Nebraska Supreme Court Online Library. Filed July 25, 2025.
- Speedy Trial: Appeal and Error. When reviewing a trial court‘s computation of the time a criminal defendant must be brought to trial under
Neb. Rev. Stat. §§ 29-1207 and29-1208 (Reissue 2016), an appellate court reviews the trial court‘s factual determinations and supporting specific findings pertaining to the exceptions listed in§ 29-1207(4)(a) through (f) for clear error. However, the proper interpretation of§ 29-1207(4) and its application to the undisputed historical facts of a case are questions of law. - Judgments: Statutes: Appeal and Error. When an appeal calls for statutory interpretation or presents questions of law, an appellate court must reach an independent, correct conclusion irrespective of the determination made by the court below.
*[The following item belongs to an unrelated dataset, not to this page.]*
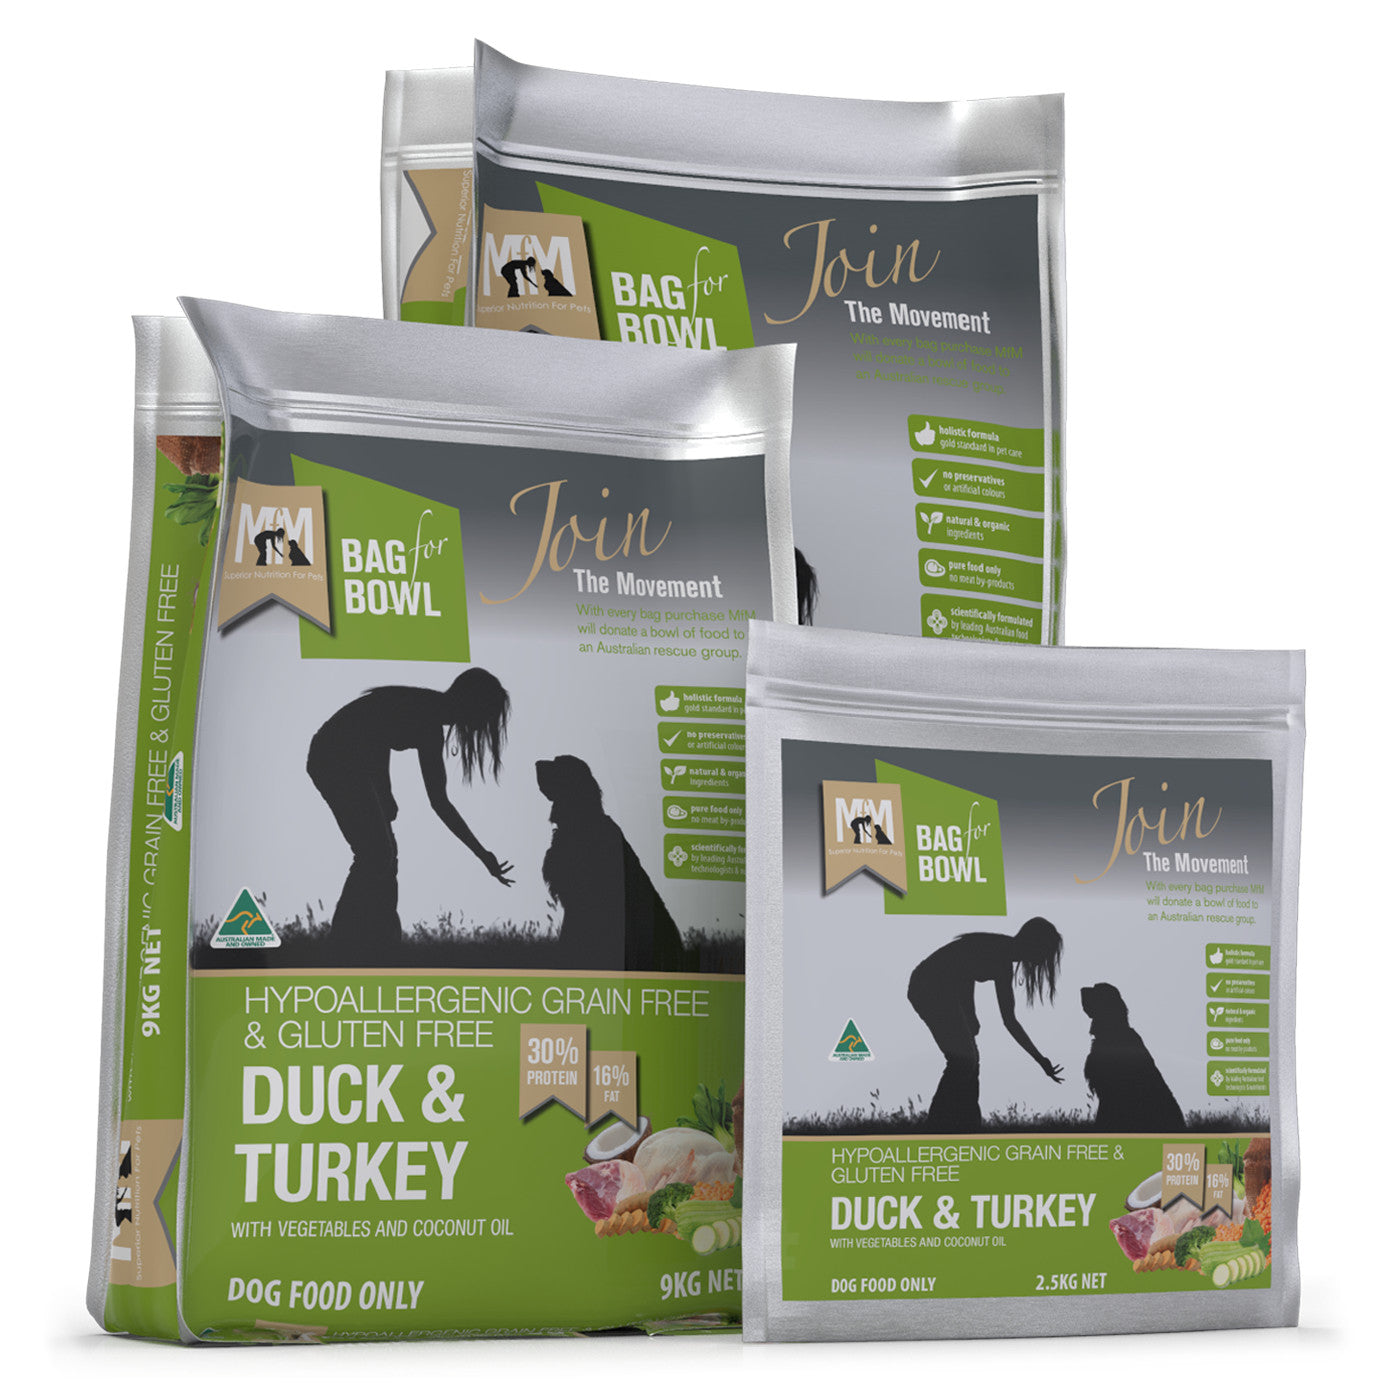 Meals for Mutts Grain Free Duck & Turkey Dog Food.

- Speedy Trial: Appeal and Error. “[T]ried again,” as used in
Neb. Rev. Stat. § 29-1207(3) (Reissue 2016), does not refer to a defendant who has yet to be brought to trial a first time and whose trial has been delayed because of the defendant‘s interlocutory appeal. - Speedy Trial: Waiver: Motions for Continuance. Under
Neb. Rev. Stat. § 29-1207(4)(b) (Reissue 2016), if a defendant requests a continuance that moves a trial date which has been set within the statutory 6-month period to a date that is outside the 6-month period, that request constitutes a permanent waiver of the statutory speedy trial right. - ____: ____: ____. A defendant permanently waives his or her statutory speedy trial rights under
Neb. Rev. Stat. § 29-1207(4)(b) (Reissue 2016) when an ultimately unsuccessful motion for discharge results in the continuance of a timely trial to a date outside the statutory 6-month period, as calculated on the date the motion for discharge was filed. - Judicial Notice: Records. Judicial notice of an adjudicative fact is proper when the adjudicative fact is not subject to reasonable dispute and capable of accurate and ready determination by resort to the files and records of the court.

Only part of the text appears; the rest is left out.